Roles of Hydrophobic Interactions and Hydrogen Bonds in Beta-Sheet Formation

Abstract

In this presentation, we will discuss interactions of extended conformations of homodimeric peptides made of small (glycine or alanine) and large hydrophobic (valine or leucine) sidechains using all-atom computer simulations to decipher driving forces behind beta-sheet formation. Dimers adopt beta-sheet conformations at short inter-peptide distances (x ∼ 0.5 nm) while at intermediate distances (∼ 0.8 nm), dimers made of valine or leucine assume “cross-beta like” conformations with sidechains interpenetrating each other. These two states are identified as minima in the Potential of Mean Force (PMF). While the number of inter-peptide hydrogen bonds increases with decreasing inter-peptide distance, the total hydrogen bond number in the system does not change significantly, suggesting that formation of beta-sheet structures from extended conformations is not driven by hydrogen bonds.
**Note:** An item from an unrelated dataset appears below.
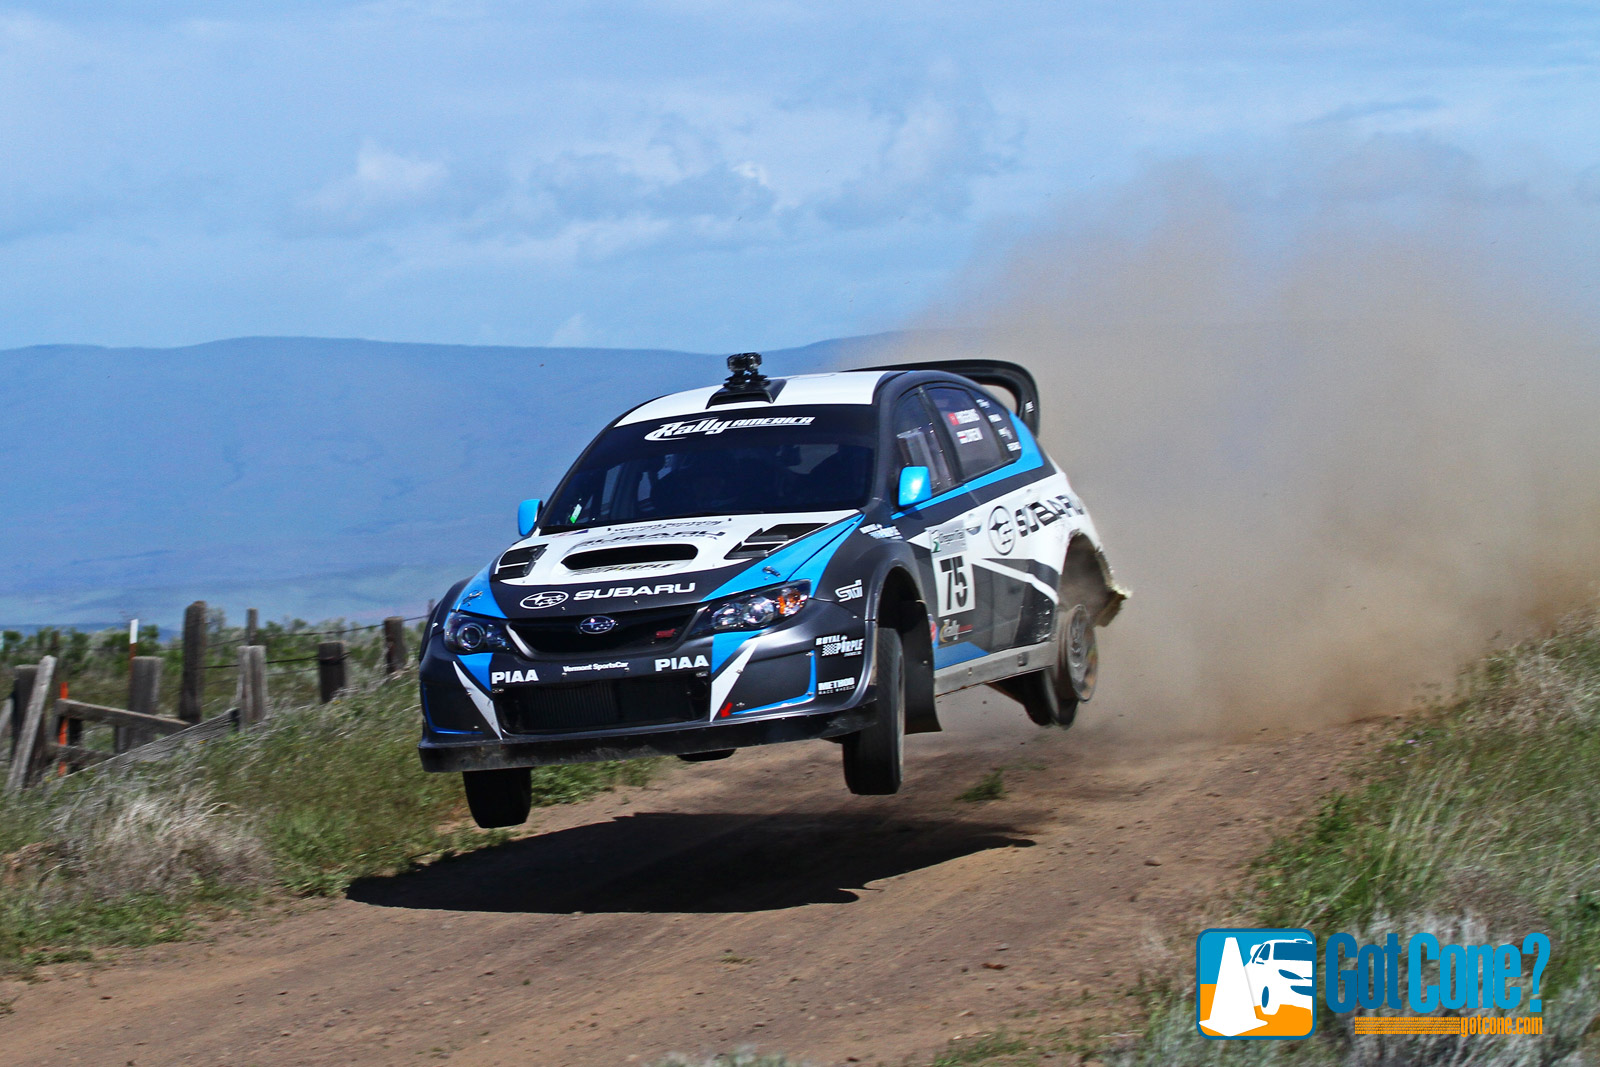 David Higgins jumps his Subaru Rally Car with only 3 tires.

This is confirmed by an increase in electrostatic energy at short inter-peptide distances. A remarkable correlation between the volume of the system and the total electrostatic energy is observed, supporting the view that excluded water regions in proteins have an enthalpic penalty. We will also discuss microscopic mechanisms accounting for beta-sheet formation based on computed enthalpy and entropy and we will show that they are different for peptides with small and large sidechains.